Org: Barry Monson
(Université du Nouveau-Brunswick)
- KHALED ALDWOAH, Islamic University of Madinah
Generalized Groups [PDF]
This paper generalizes the concept of a group as follows. A triple $(G,E,\star)$ is a generalized group if $G$ is a nonempty set, $E$ is an equivalence relation on $G$, and $\star$ is a function on $G\times G$ satisfying some conditions. New concepts as will as new examples of generalized groups are introduced. %In additional, we investigate if some results that are true in classical group theory are also true in generalized groups.
- ANUP DIXIT, University of Toronto
The Lindelof class of L-functions [PDF]
In 1989, Selberg defined a class of L-functions that serves as an axiomatic model for L-functions arising from geometry and arithmetic. Even though the Selberg class successfully captures many characteristics common to most L-functions, it fails to be closed under addition. This creates obstructions, in particular, not allowing us to interpolate between L-functions. To overcome this limitation, V. Kumar Murty defined a general class of L-functions, namely the Lindelof class. In this talk, we describe its structure and study its properties. This is joint work with V. Kumar Murty.
- ALEXANDRE PEPIN, Université de Moncton
A new method for the construction of spline functions of any degree [PDF]
Spline interpolation is widely used in industry and research. It has proved to be a very efficient tool, particularly when dealing with data interpolation or curve smoothing applications. It is typically preferred to polynomial interpolation as it avoids the problem of Runge's phenomenon where oscillations occur at the edges of the interval when using higher degree polynomials. Cubic spline interpolation is known to be a popular type of spline used in practice due to its accuracy and low computational cost. However, effective and accurate higher degree spline interpolation is still a challenging task in today's applications and is not so commonly used because it requires the knowledge of higher order derivatives at the nodes of a function on a given mesh.

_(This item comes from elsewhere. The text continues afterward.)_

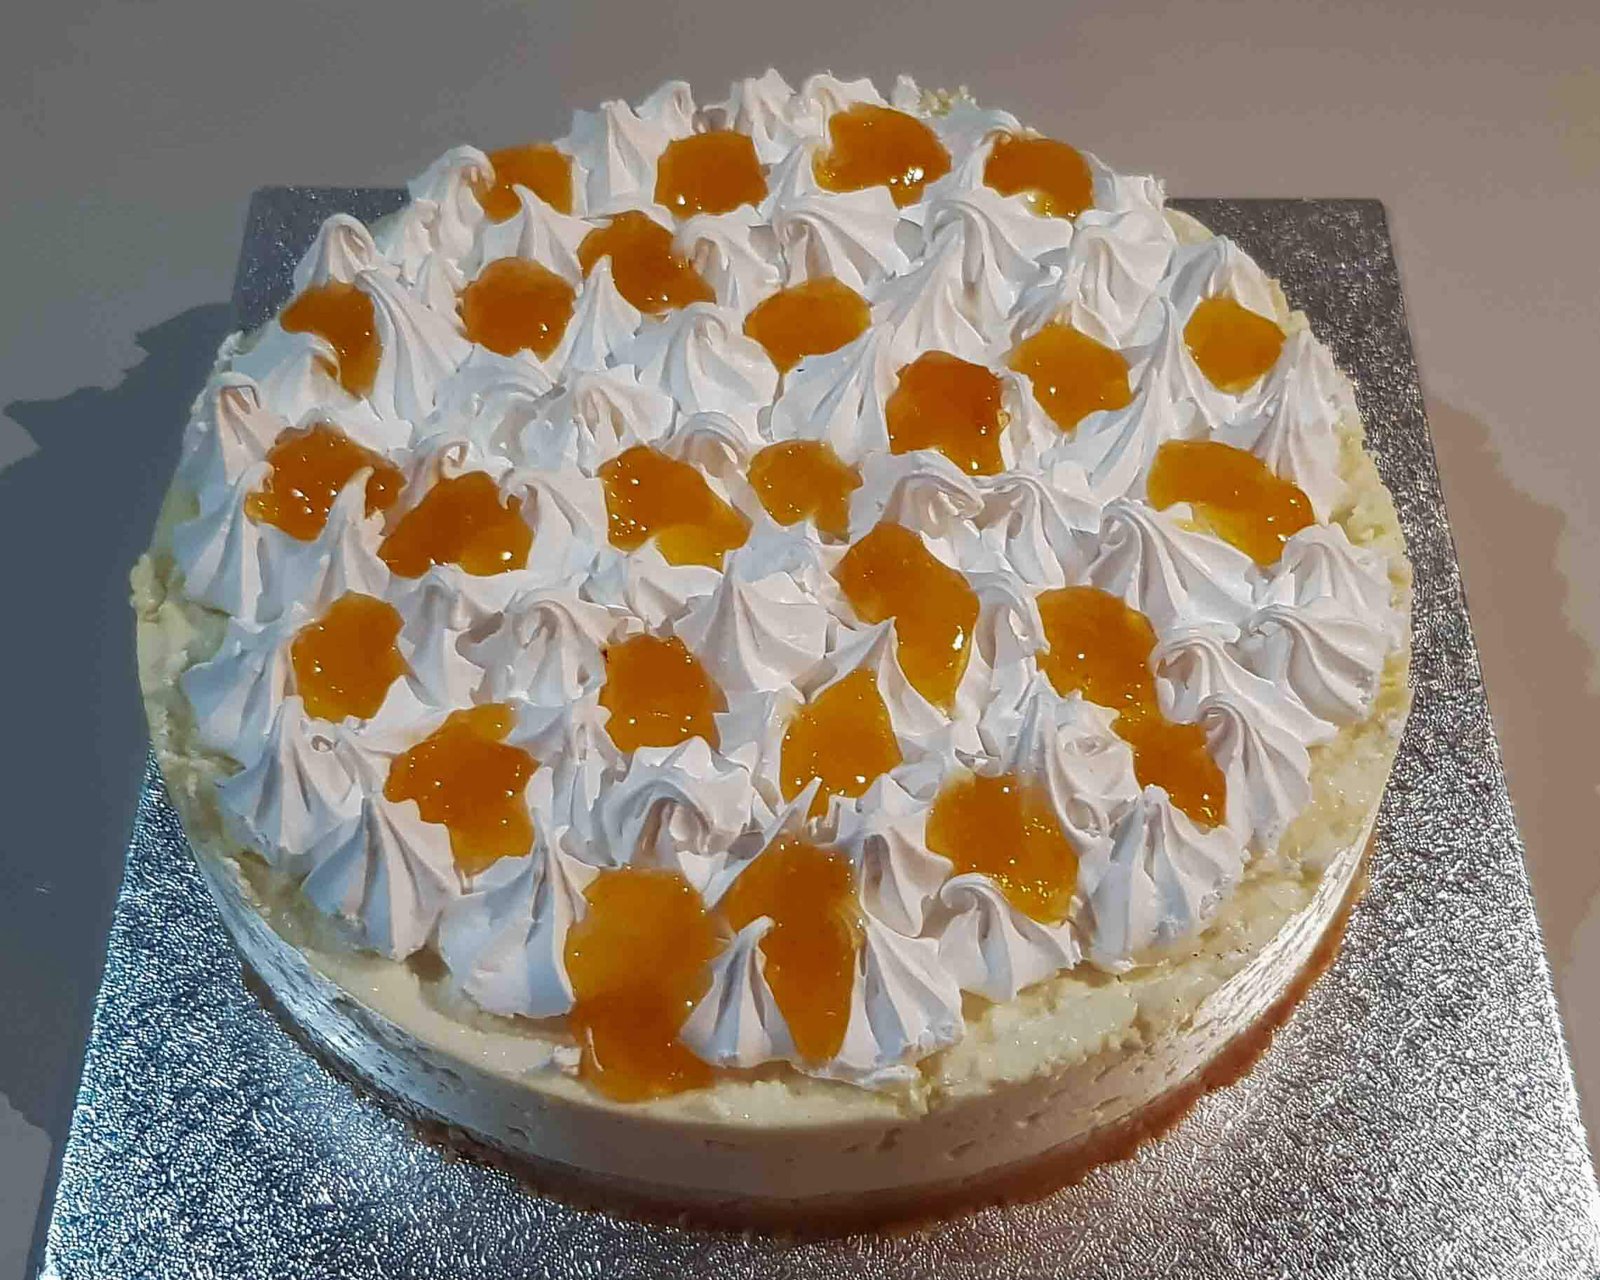 Baked meringue cheesecake with apricot jam

In this presentation, we will suggest a new method that was initially developed by Beaudoin (1998, 2003) and Beauchemin (2003). They observed that this method can lead to high-degree spline interpolation for equally spaced data on an interval $[0,T]$. Initially, they did not have any formal proof to back up this statement. In recent work (Pepin, Léger, Beaudoin, Beauchemin, 2018), the continuity of these interpolation functions has been demonstrated. Therefore, our goal is to analyze the singularities that may occur when solving the equation system that enables the construction of splines of any degree. We will suggest a robust method that will allow us to accurately determinate the boundary conditions of our spline functions. We will also analyze some numerical examples to show the efficiency of this new algorithm.